Monday, May 13, 2019

Yankees Fans Push Back On Kate Smith Ban


Kate Smith’s rendition of “God Bless America” has been scrapped at Yankee Stadium, but Bronx Bomber fans are going to bat for her over allegations of racism.

Smith’s niece, Suzy Andron, told The NYPost she is “honored” by the groundswell of support for the late singer among fans and media.

“Most are solidly behind the positive notion that this is a misunderstanding by a few people who took two or three of her songs [out of 3,000 that she recorded] out of context and inflated a story that my Aunt Kathryn must have been a racist,” Andron said.

“Unfortunately, the Yankees bought into it.”  She added: “Most reasonable people realize that it was a misunderstood, knee-jerk over-reaction which they hope will be corrected soon.”

One superfan told the team he was “boycotting the Yankees until Kate Smith is back, otherwise I am kissing a half century of loyalty goodbye.”

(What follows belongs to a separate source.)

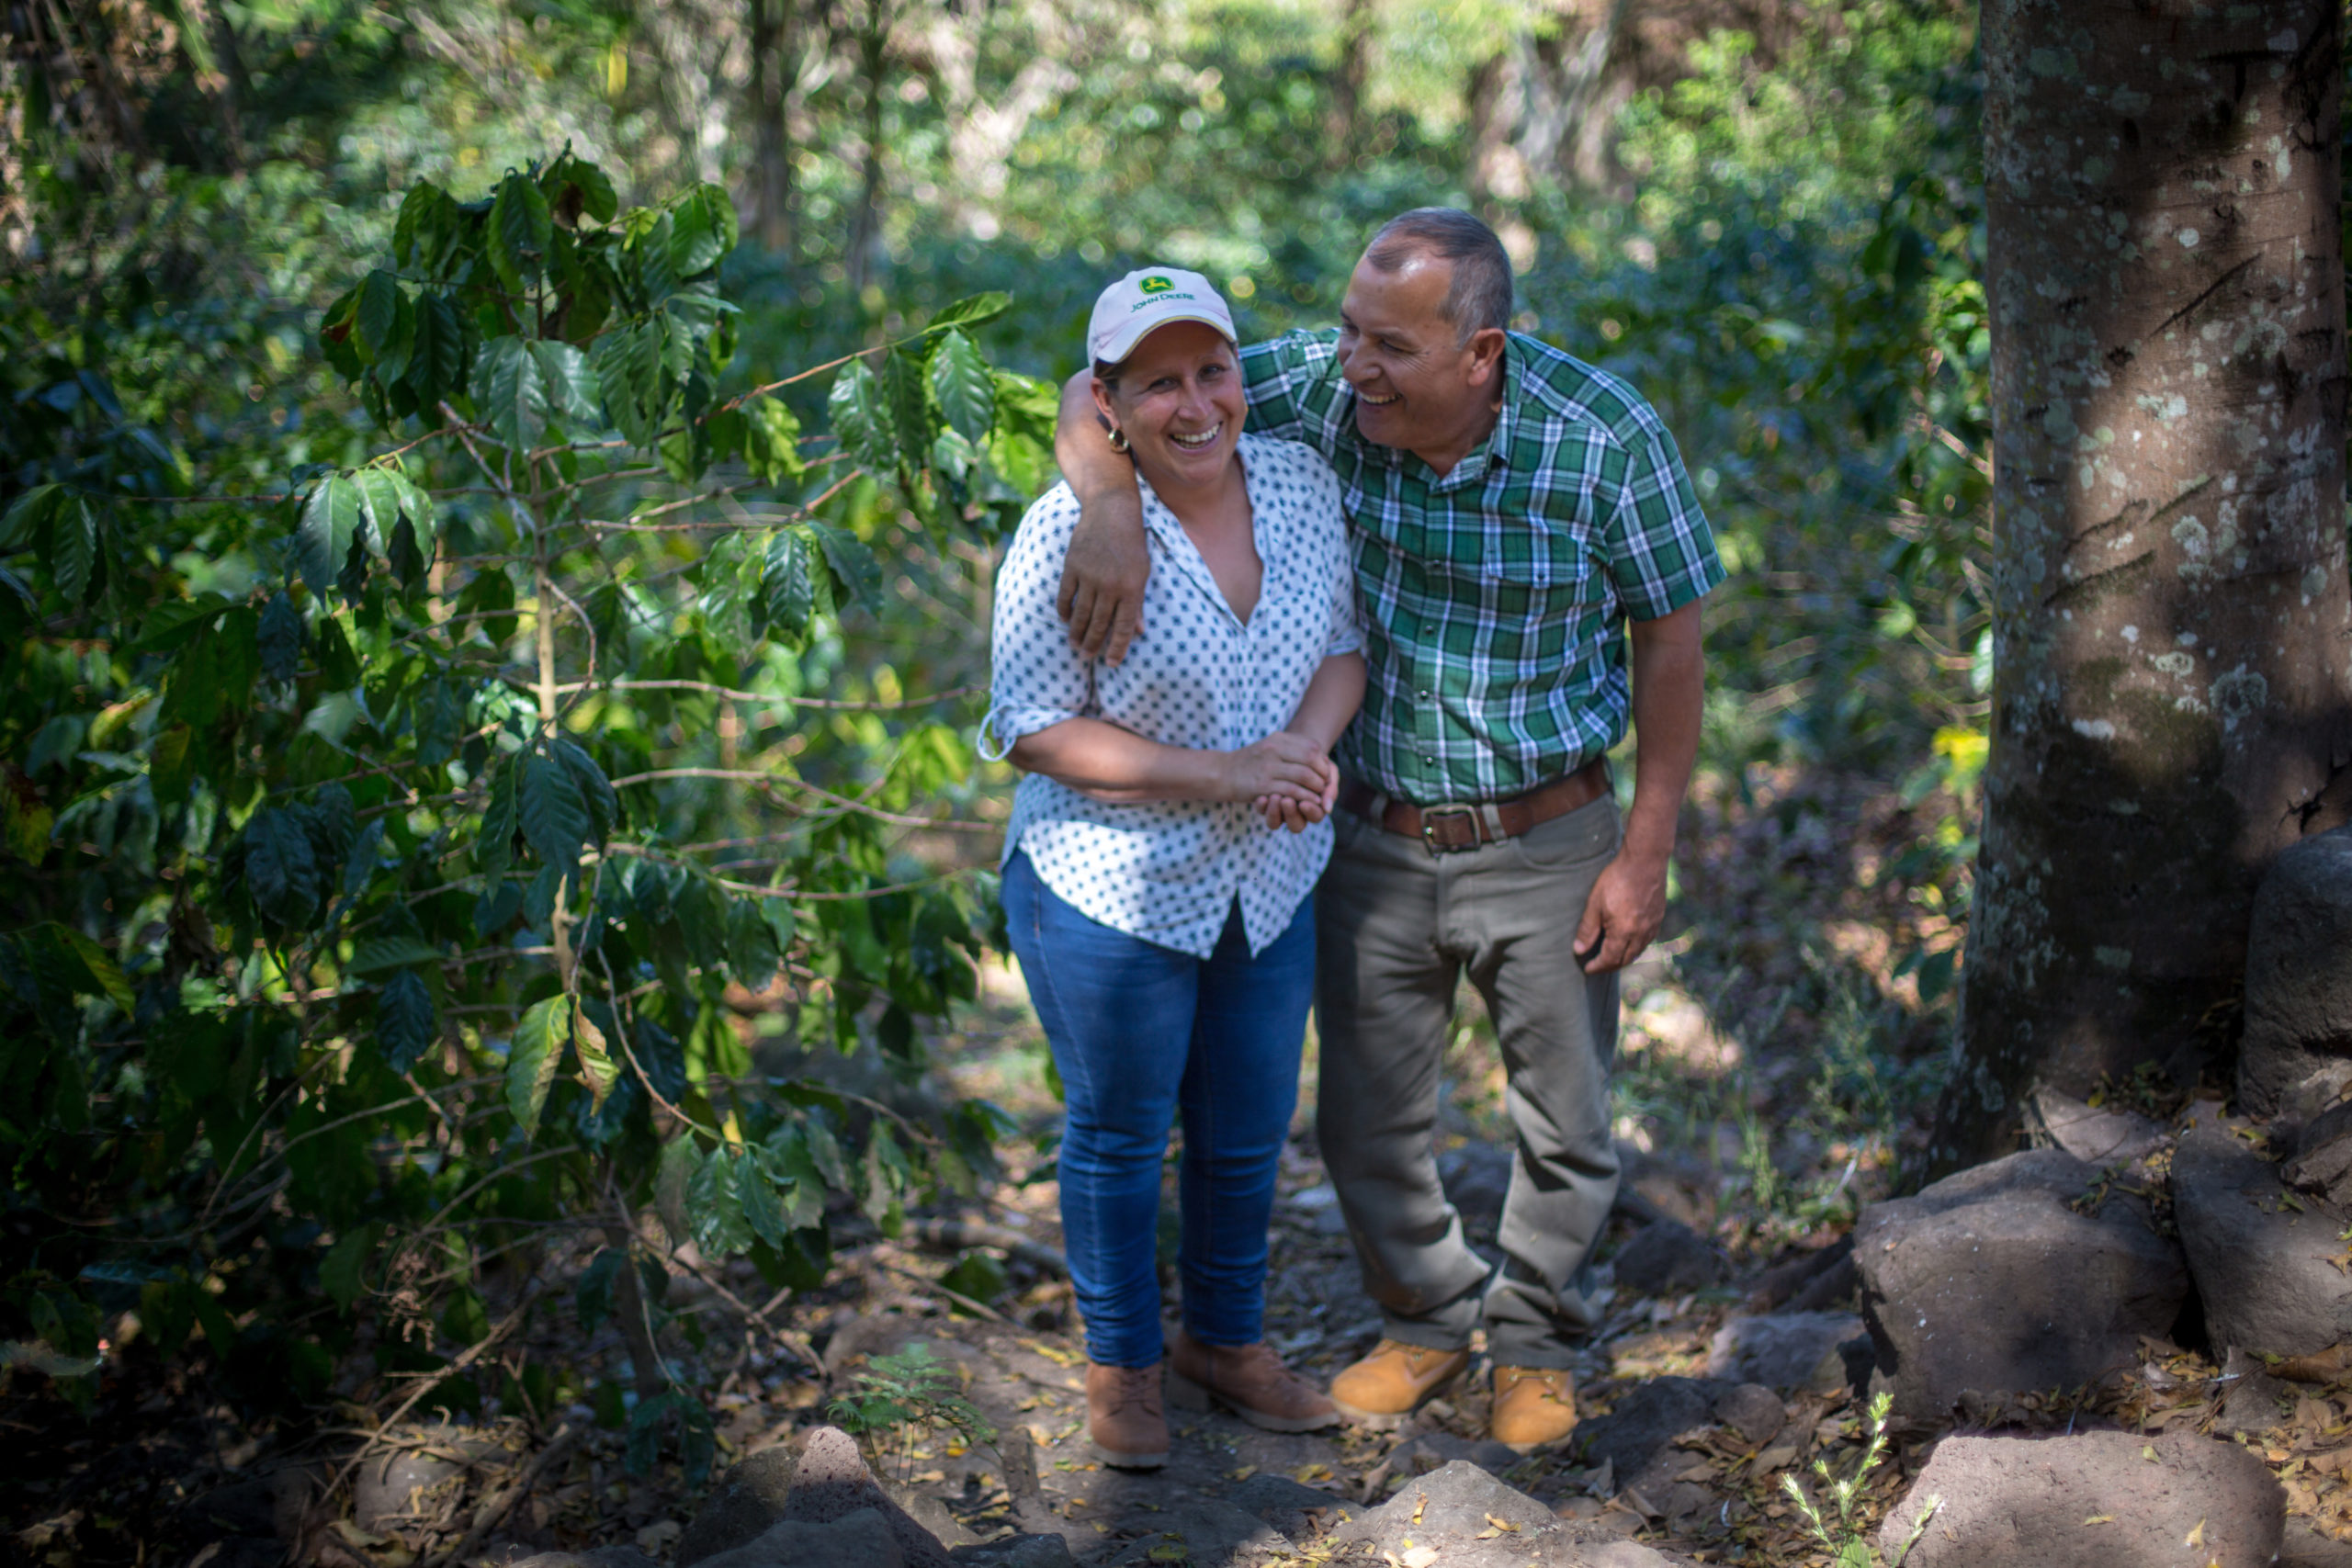 Selenia Vanegas, coffee producer with COMSA cooperative in Santiago Puringla, La Paz. Selenia was a migrant and lived in the New York working for six years.
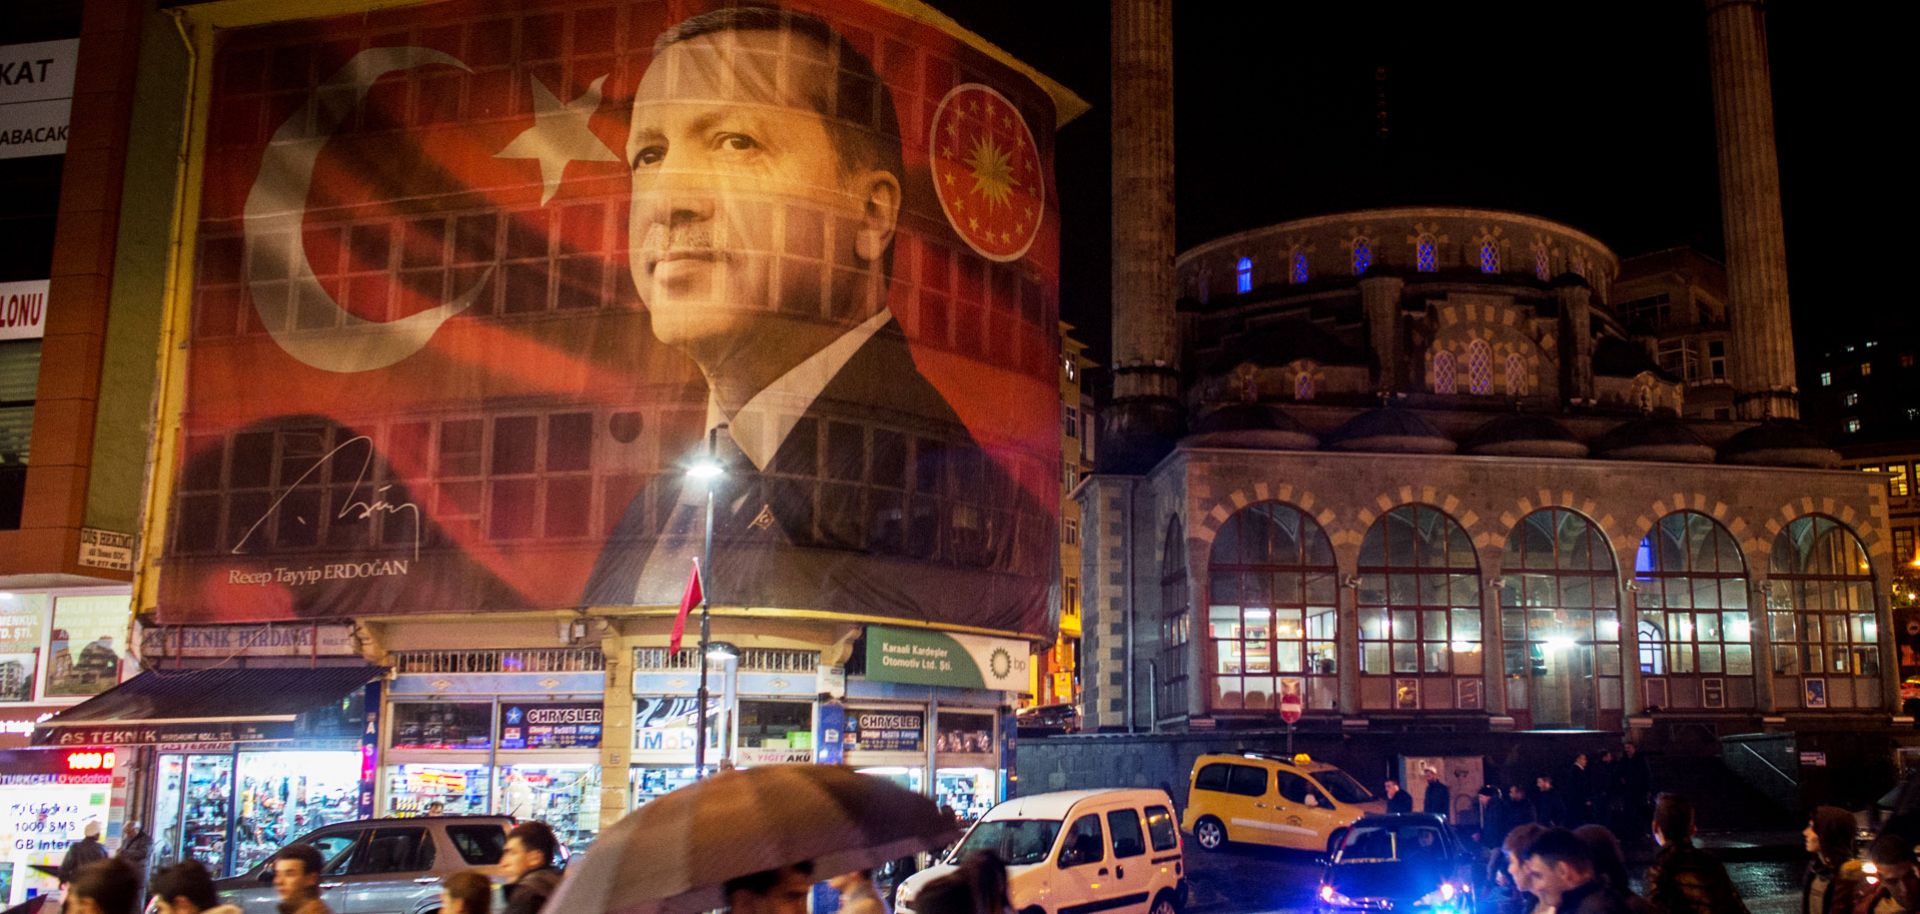 Turkish President Recep Tayyip Erdogan's seemingly fickle foreign policy has baffled leaders in Russia and the European Union, but it reflects his country's strategic goals.

Bronx-born Bombers diehard James Foley fired off an angry missive to Yankee owner Hal Steinbrenner, snarling, “Your father [George Steinbrenner] is turning in his grave.”

Foley reasoned that if the Yankees judged past and current employees as they did Smith, Babe Ruth and other legends would be scrubbed from the stadium next.

“Why not purge the lot of them and be honest about your political correctness. Remove the plaques from Monument Park,” he wrote.

“The Yankees are better than this,” added Staten Islander Ray Hagemann, whose brother, John, was an MLB scout for 50 years.

He thinks Smith should be reinstated because booting her was “almost as bad as if they suddenly decided, without adequate explanation, to disassociate themselves with Babe Ruth.”

The Yankees have declined comment.

Smith was a major star of radio. The Kate Smith Hour was a leading radio variety show, offering comedy, music, and drama with appearances by top personalities of films and theater. The show's resident comics, Abbott and Costello and Henny Youngman, introduced their comedy to a nationwide radio audience aboard her show, while a series of sketches based on the Broadway production of the same name led to The Aldrich Family as a separate hit series in 1940.

Smith "stirred patriotic fervor" during World War II and contributed to selling over $600 million (equivalent to $10.2 billion in 2018) of war bonds during a series of marathon broadcasts. No other show-business star came near her as revenue producer of War Bonds to finance the United States' war effort.